Sample photo from the Honor 7

1:1 crop from Honor 7 photo

Sample photo from the Honor 7

Using the dedicated ‘Food mode’ – no, really! It adds extra warmth and saturation, etc.

1:1 crop from Honor 7 photo

Sample FFC photo from the Honor 7

Sample FFC photo, with ‘Beauty mode’ turned on – took 10 years off me instantly!

1:1 crop from Honor 7 photo

I don’t like shooting with filters in place, but there are loads here, and a learning feature that apparently starts offering the filters you use most, though we’ll only start to see this at work after real world users have got going.
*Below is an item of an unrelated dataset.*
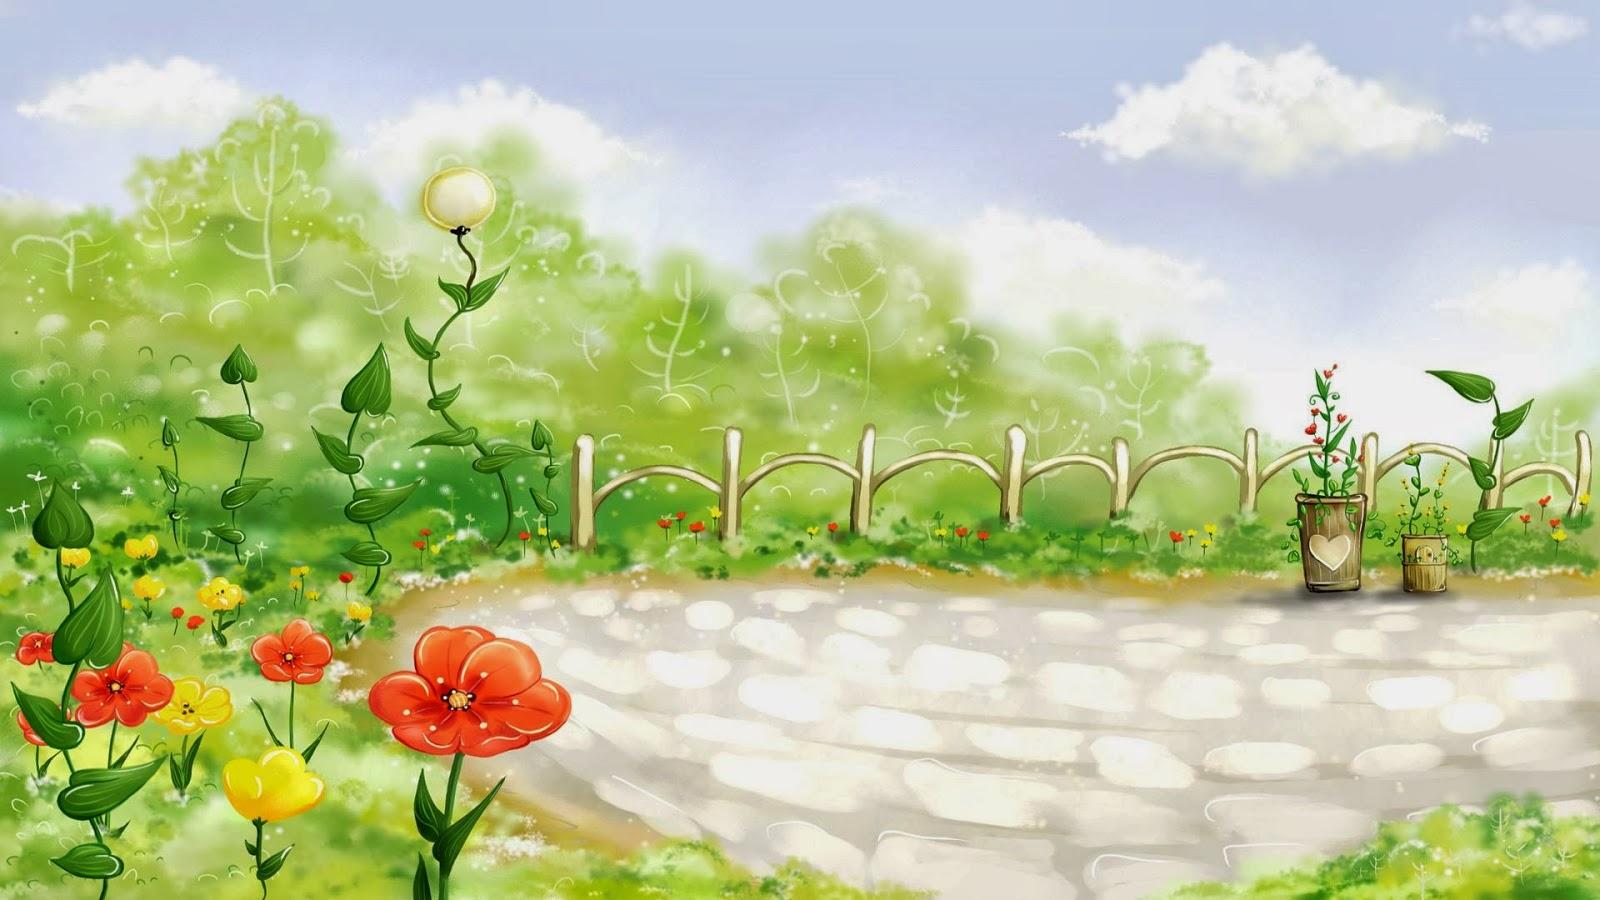 Cartoon Garden Wallpaper Free | Pic Gallery

Around the front, there’s a 8MP front facing unit – with what looks like a flash but is just a ‘soft’ light, to add a ‘glow’ to one’s natural beauty(!)

Finishing off the Honor 7 are an infrared beamer on the top, plus a twin antenna design with seamless switching in a microsecond, so no ‘dead-hold’ problems (think iPhone 4) and no potential dropped calls or stifled cellular data.

Huawei Honor 7 top view

Given that I only had a day to try out the Honor 7, making this more of a ‘preview’ than a ‘review’, I can’t evaluate battery life. However, there’s a meaty 3100 mAh cell inside, and Honor says it supports ‘Fast charging’. Which may or may not be the same as Qualcomm’s standard, we’ll need retail hardware and chargers to check that. I was also impressed by how cool the Honor 7 stayed, given the octacore chipset and the issues the high end Snapdragons have been having. All that metal helps and, apparently, there’s special heat dissipation engineering inside.

As for the downsides? You know, there really aren’t any. And this on a £250 phone. Maybe a lack of waterproofing? Maybe the use of Emotion UI and customised core applications? But all this is being very picky – the Honor 7 is stunningly good at the price. How long can the likes of HTC and Samsung keep their flagships up above £500 when the likes of Honor can sneak in with a full metal, premium device at under half the price?